Here: Here a racist thought...

Women also featured in Quier’s experiments, raising explosive questions about differences among women, many of which were about race.
For example, his London colleagues wondered whether his smallpox experiments done on “Negro women” were valid for English women. “Some gentlemen” in London were concerned that experiments done on slave women were not valid for “women of fashion, and of delicate constitutions.” Treatments appropriate for enslaved women, they warned, might well destroy ladies of “delicate habits, …educated in European luxury.”


Here:

However, numerous slaves were exploited in medical experiments at this time. John Quier, a British doctor working in rural Jamaica, freely experimented with smallpox inoculation in a population of 850 slaves during the 1768 epidemic.
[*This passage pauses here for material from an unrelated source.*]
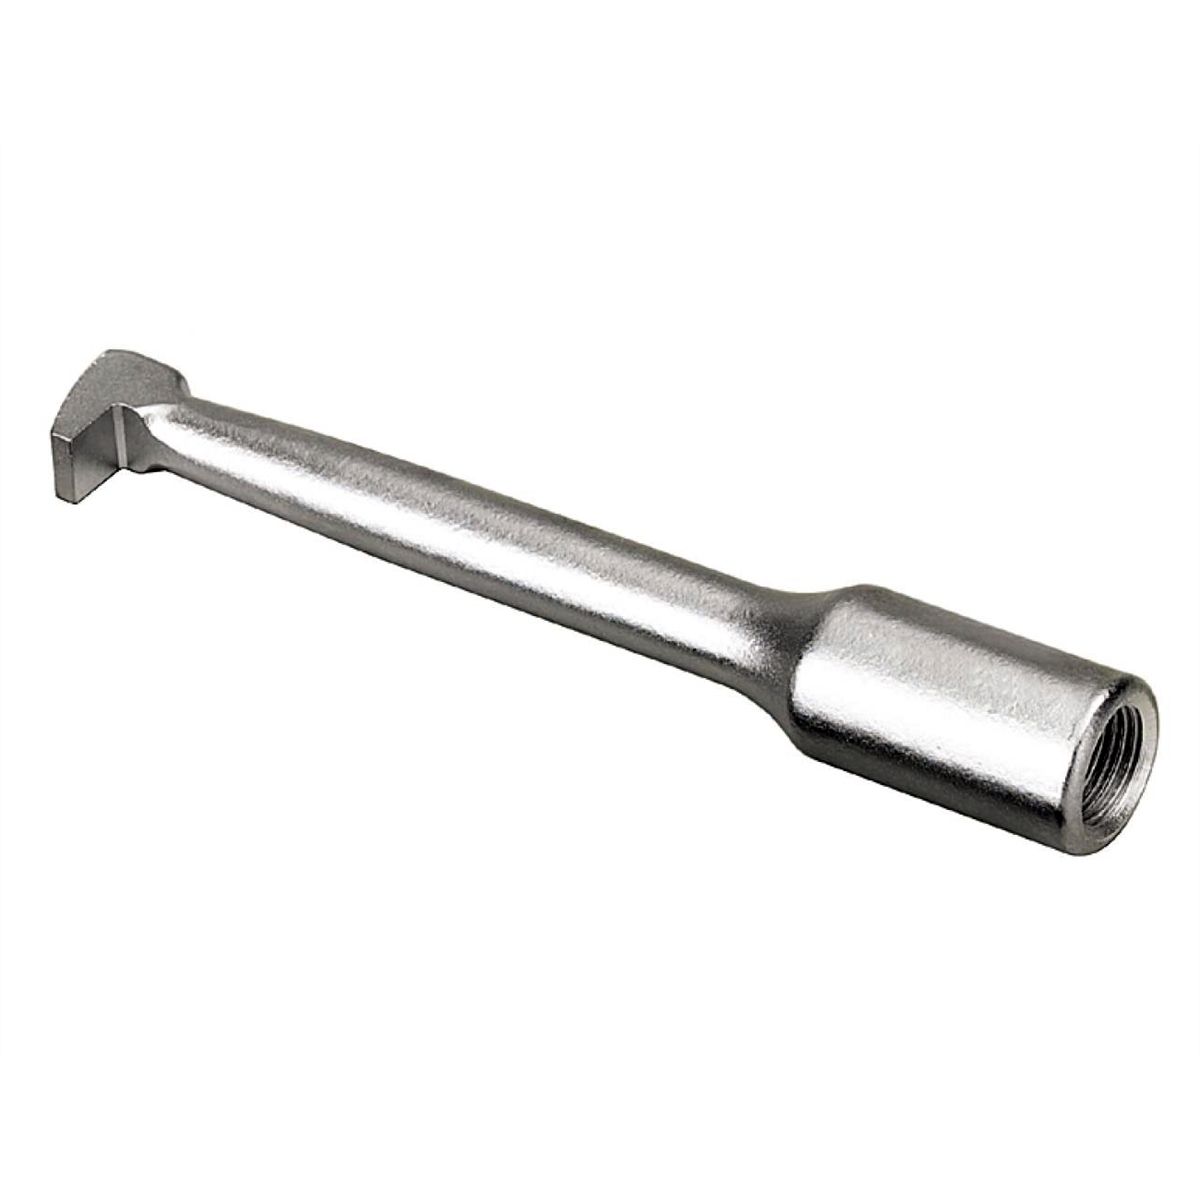 Details about   Slammer Hammer  puller Heavy equipment repair irwin vise grip slide puller tool

Inoculation, a precursor to vaccine, involved inducing a light case of the disease in a healthy person in hopes of immunizing that person for life.
Quier was employed by slave owners and would have inoculated plantation slaves for smallpox, with or without his scientific experiments. In all instances, masters had the final word. There was no issue of slave consent, or, for that matter, often physician consent.
But Quier did not simply inoculate to prevent disease. We see from his reports that he used slaves to explore questions that doctors in Europe dared not. He wanted to know, for example, whether one could safely inoculate menstruating or pregnant women. He also wanted to know if it was safe to inoculate newborn infants or a person already suffering from dropsy, yaws or fever and the


Slavery corrupts all our human values...
 
Why is this surprising?
It's NOT, given those times. But it does SHOCK human consciences with a drop of morals at any time or place - no matter what race, sex, religion and ethnic or national origin.